--- The task ---
How does the data below read from its first line through the line containing "Basketball hoop in a blue sky Stock Photo"? Print those lines exactly.

--- Dataset excerpts ---
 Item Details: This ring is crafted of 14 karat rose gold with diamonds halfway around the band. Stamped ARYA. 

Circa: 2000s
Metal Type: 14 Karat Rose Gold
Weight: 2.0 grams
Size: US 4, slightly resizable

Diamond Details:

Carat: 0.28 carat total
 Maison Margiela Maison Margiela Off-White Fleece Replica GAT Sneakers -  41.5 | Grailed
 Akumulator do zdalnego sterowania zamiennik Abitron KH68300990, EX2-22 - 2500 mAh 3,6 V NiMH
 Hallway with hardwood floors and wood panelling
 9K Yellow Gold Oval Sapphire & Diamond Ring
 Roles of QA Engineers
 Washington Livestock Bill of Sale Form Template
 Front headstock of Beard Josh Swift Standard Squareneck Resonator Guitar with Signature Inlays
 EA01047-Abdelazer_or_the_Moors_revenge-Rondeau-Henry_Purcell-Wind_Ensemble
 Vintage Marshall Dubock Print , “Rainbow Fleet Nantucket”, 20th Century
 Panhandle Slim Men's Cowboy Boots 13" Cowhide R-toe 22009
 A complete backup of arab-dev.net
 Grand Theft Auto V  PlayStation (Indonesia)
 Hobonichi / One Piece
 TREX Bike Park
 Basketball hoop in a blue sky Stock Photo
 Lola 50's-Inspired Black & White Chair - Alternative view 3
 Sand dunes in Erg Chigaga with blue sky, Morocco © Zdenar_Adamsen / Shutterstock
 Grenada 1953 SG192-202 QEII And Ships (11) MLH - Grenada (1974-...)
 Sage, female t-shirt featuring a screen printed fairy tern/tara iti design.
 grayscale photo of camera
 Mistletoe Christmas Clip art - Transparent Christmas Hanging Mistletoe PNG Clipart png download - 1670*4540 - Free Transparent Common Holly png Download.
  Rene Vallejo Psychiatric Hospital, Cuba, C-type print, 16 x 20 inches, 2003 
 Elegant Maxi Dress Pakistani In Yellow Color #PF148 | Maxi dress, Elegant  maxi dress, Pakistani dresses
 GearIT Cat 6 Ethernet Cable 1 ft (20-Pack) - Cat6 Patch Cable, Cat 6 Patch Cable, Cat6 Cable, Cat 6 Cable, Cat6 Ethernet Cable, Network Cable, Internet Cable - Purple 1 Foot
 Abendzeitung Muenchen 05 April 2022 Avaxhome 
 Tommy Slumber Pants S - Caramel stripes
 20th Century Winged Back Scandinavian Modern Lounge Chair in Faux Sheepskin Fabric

--- Result of the task ---
 Item Details: This ring is crafted of 14 karat rose gold with diamonds halfway around the band. Stamped ARYA. 

Circa: 2000s
Metal Type: 14 Karat Rose Gold
Weight: 2.0 grams
Size: US 4, slightly resizable

Diamond Details:

Carat: 0.28 carat total
 Maison Margiela Maison Margiela Off-White Fleece Replica GAT Sneakers -  41.5 | Grailed
 Akumulator do zdalnego sterowania zamiennik Abitron KH68300990, EX2-22 - 2500 mAh 3,6 V NiMH
 Hallway with hardwood floors and wood panelling
 9K Yellow Gold Oval Sapphire & Diamond Ring
 Roles of QA Engineers
 Washington Livestock Bill of Sale Form Template
 Front headstock of Beard Josh Swift Standard Squareneck Resonator Guitar with Signature Inlays
 EA01047-Abdelazer_or_the_Moors_revenge-Rondeau-Henry_Purcell-Wind_Ensemble
 Vintage Marshall Dubock Print , “Rainbow Fleet Nantucket”, 20th Century
 Panhandle Slim Men's Cowboy Boots 13" Cowhide R-toe 22009
 A complete backup of arab-dev.net
 Grand Theft Auto V  PlayStation (Indonesia)
 Hobonichi / One Piece
 TREX Bike Park
 Basketball hoop in a blue sky Stock Photo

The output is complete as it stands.